Collected data:
-- Opening Marker --

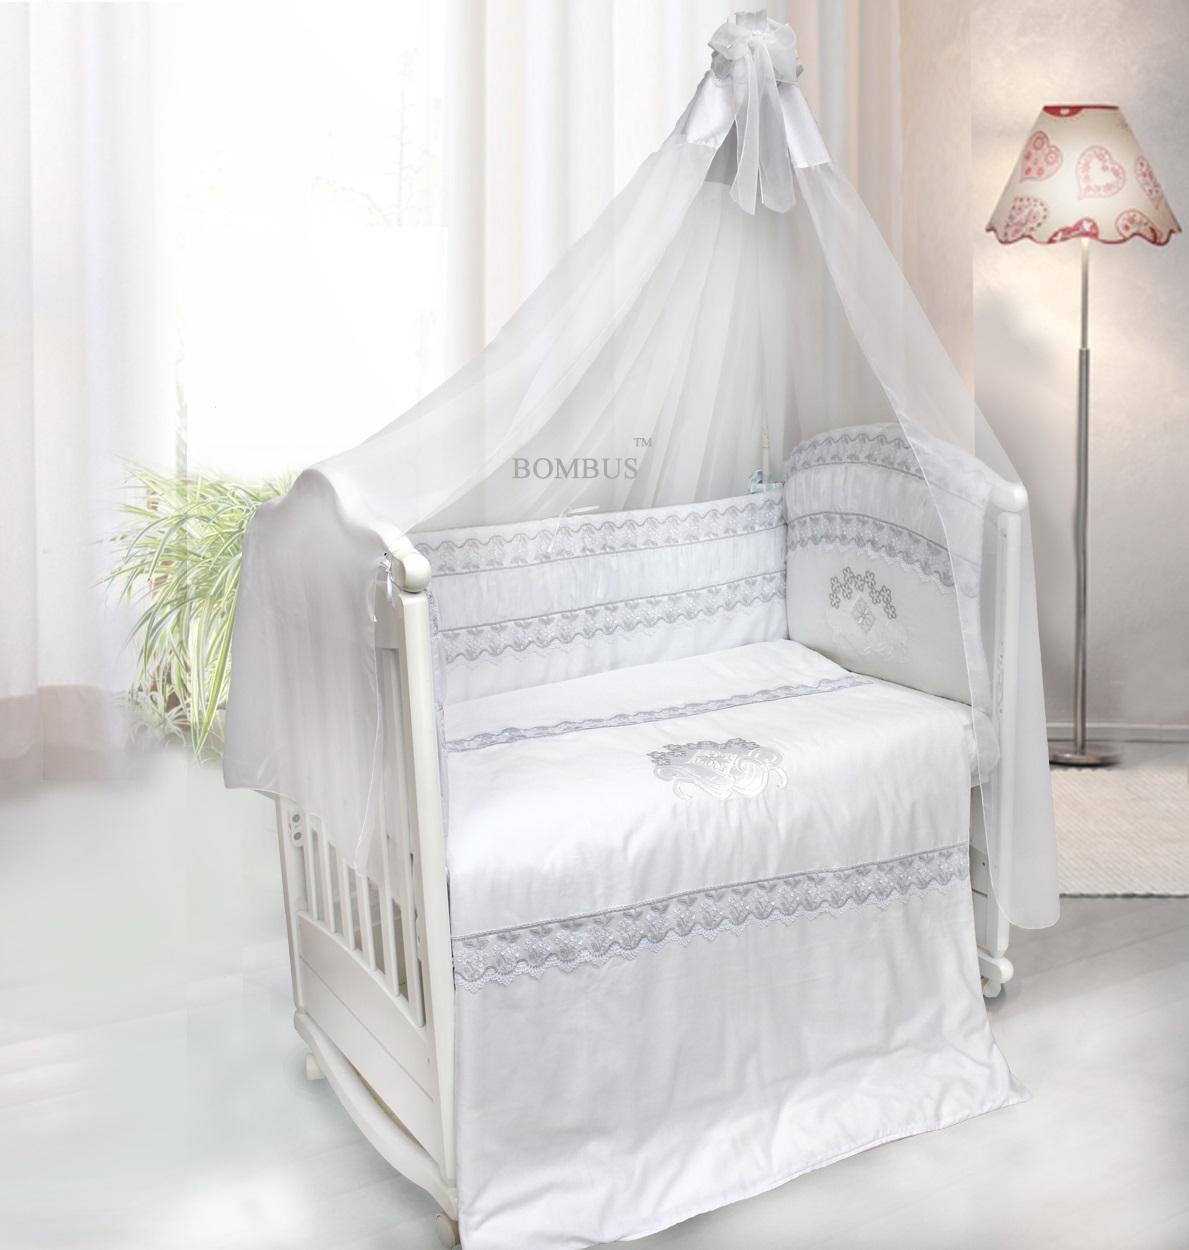 Комплект постельных принадлежностей – Инфанта, 7 предметов, цвет - белыйДетское постельное белье<br>Комплект постельных принадлежностей – Инфанта, 7 предметов, цвет - белый<br>
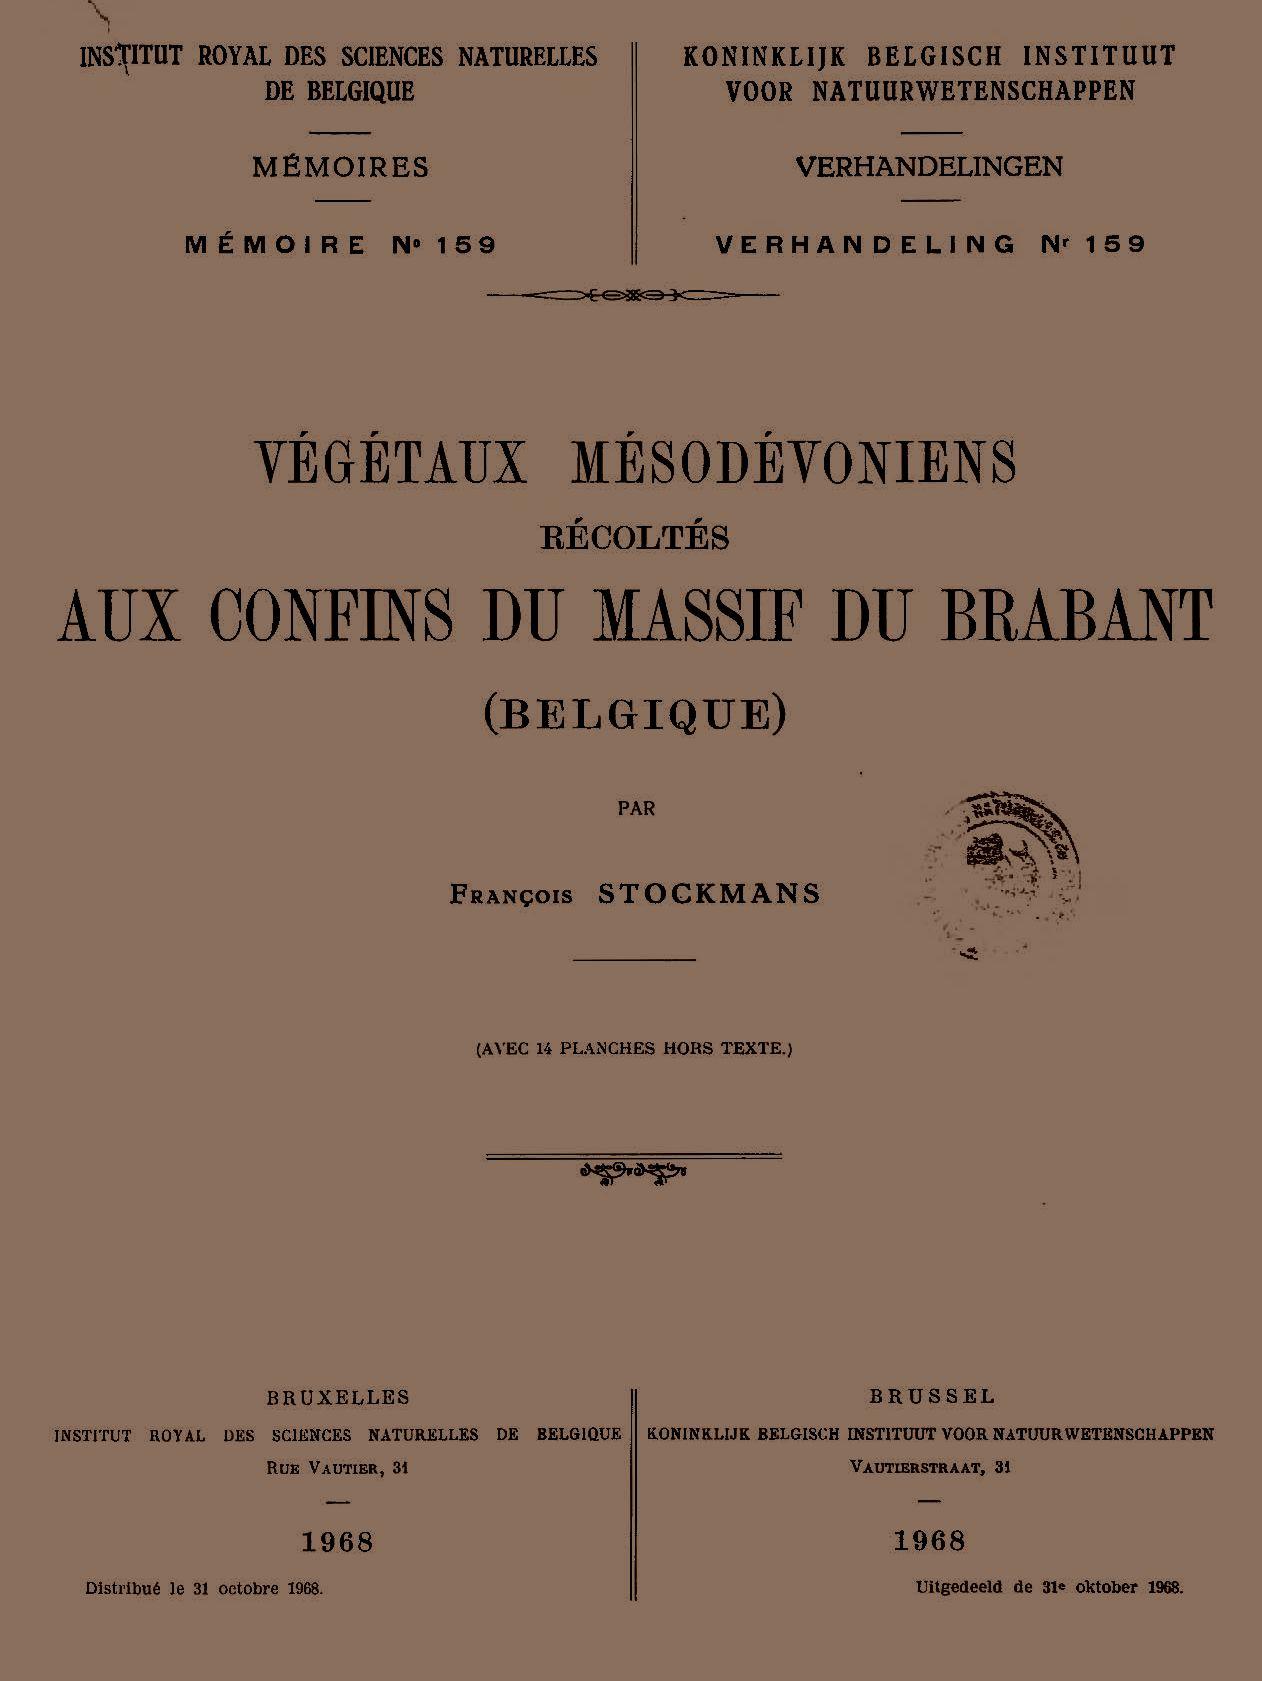 cover-159.jpg
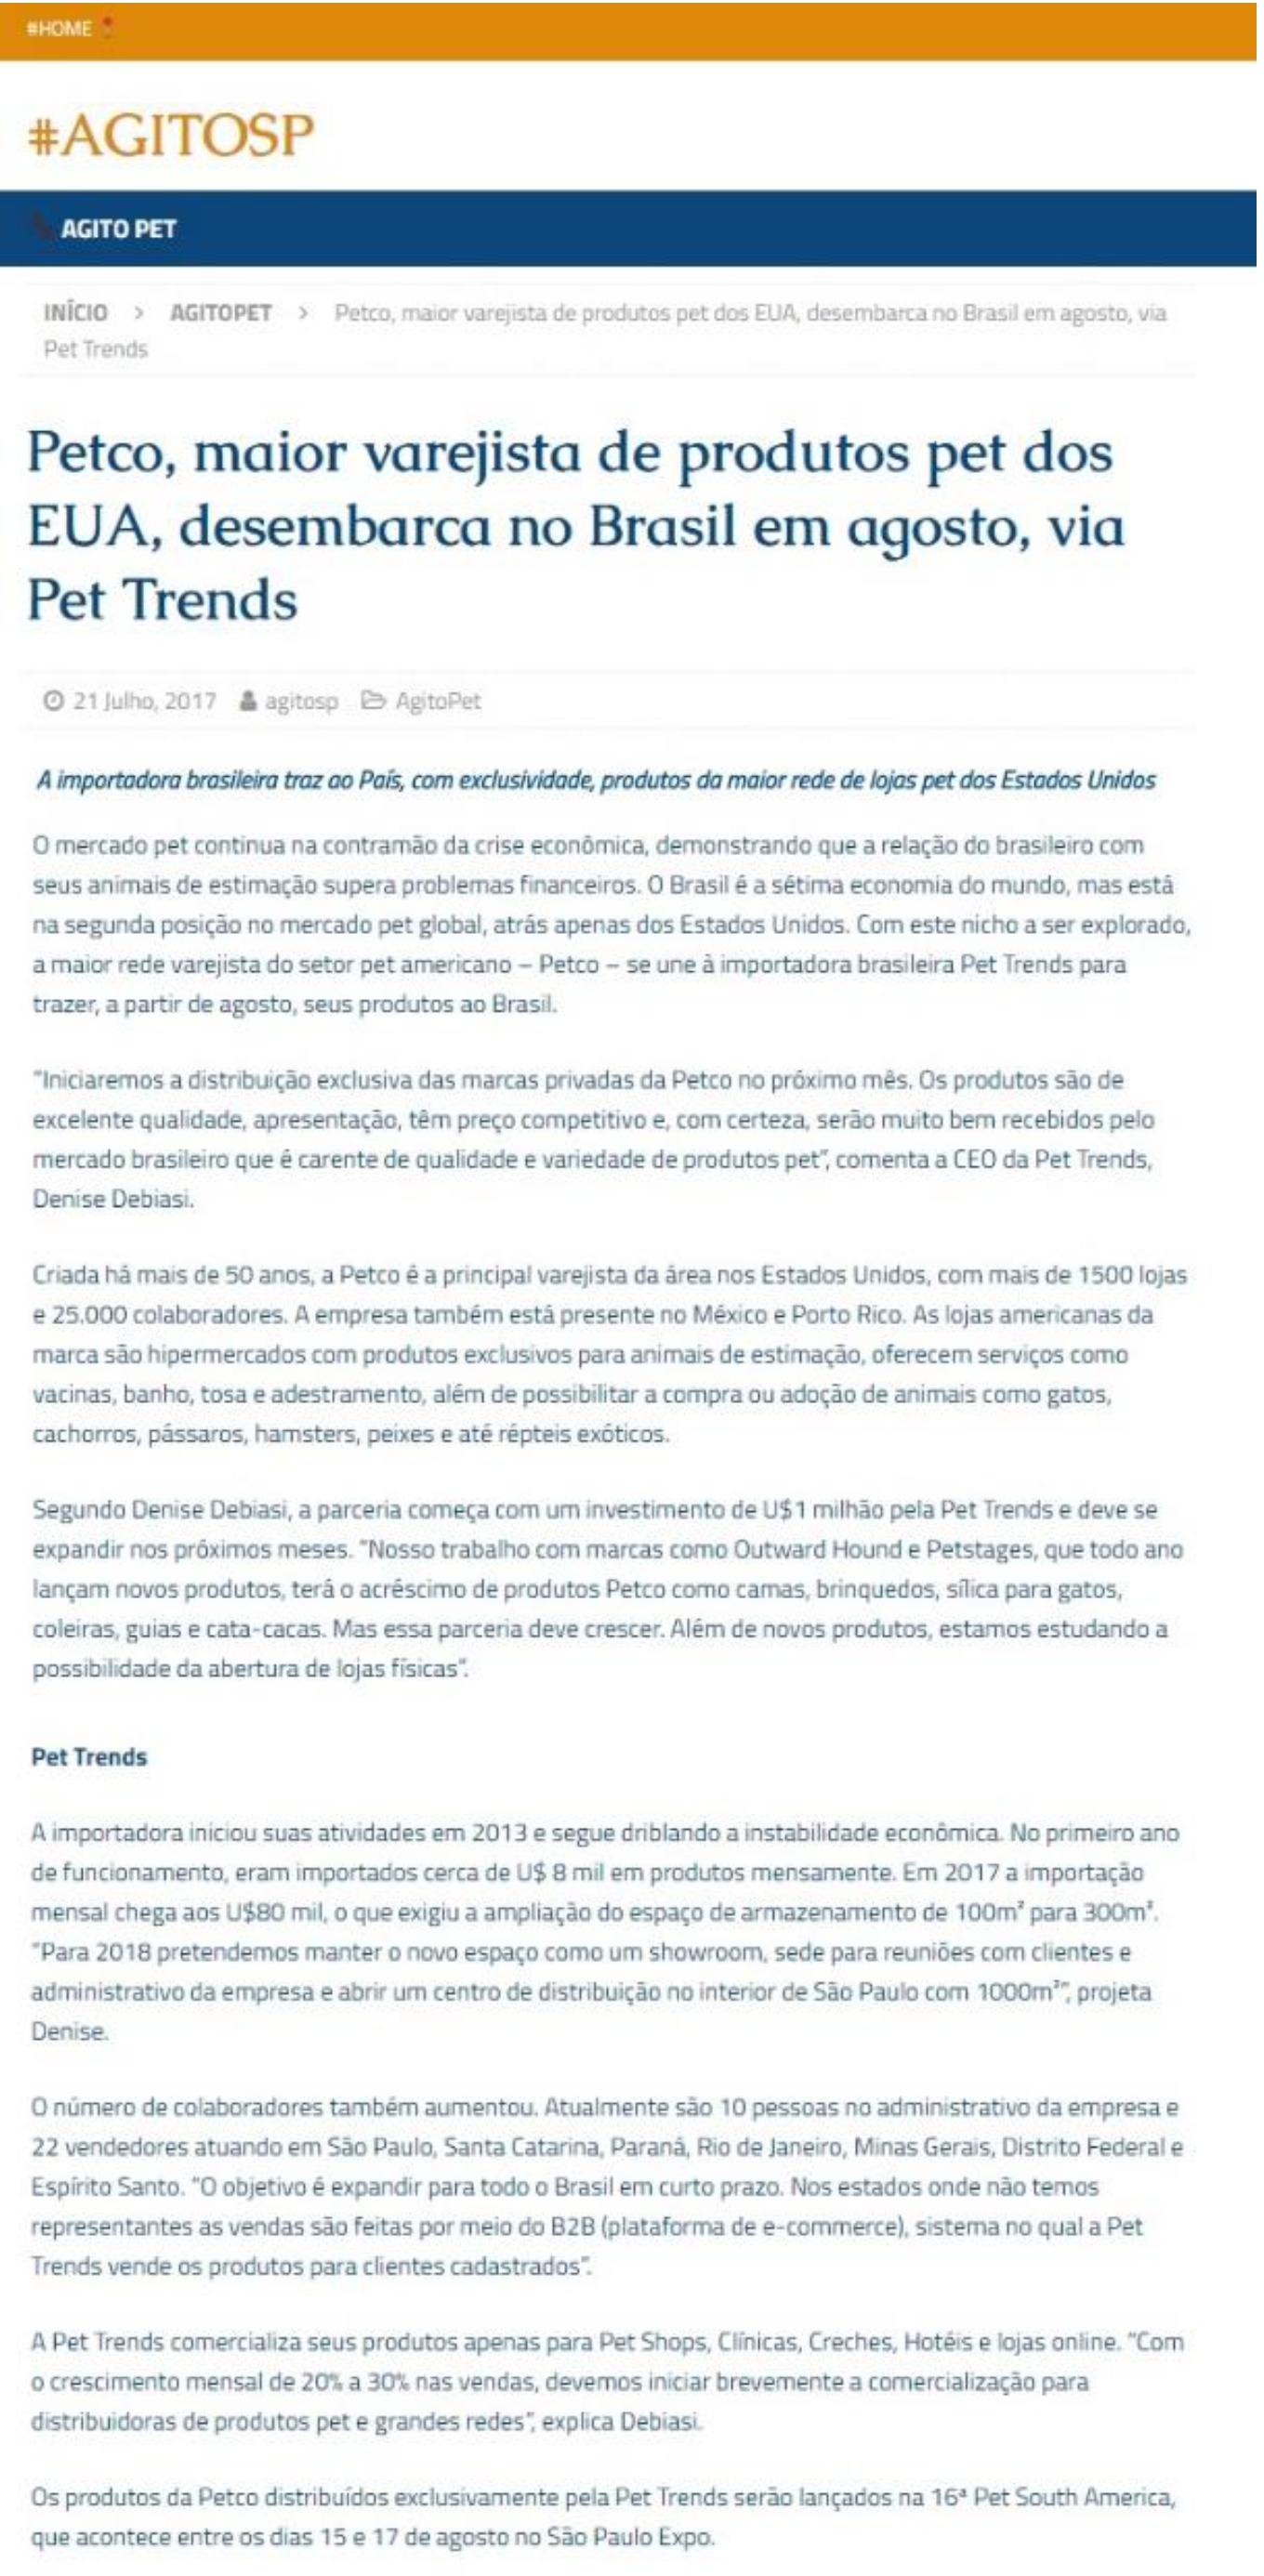 Saiu no AgitoSP matéria sobre parceria com a Petco

-- Closing Marker --

The task: Find the line with "cover-159.jpg". Return it and each line after it through the end of the data, exactly, without pictures.

Solution below:
 cover-159.jpg
 Saiu no AgitoSP matéria sobre parceria com a Petco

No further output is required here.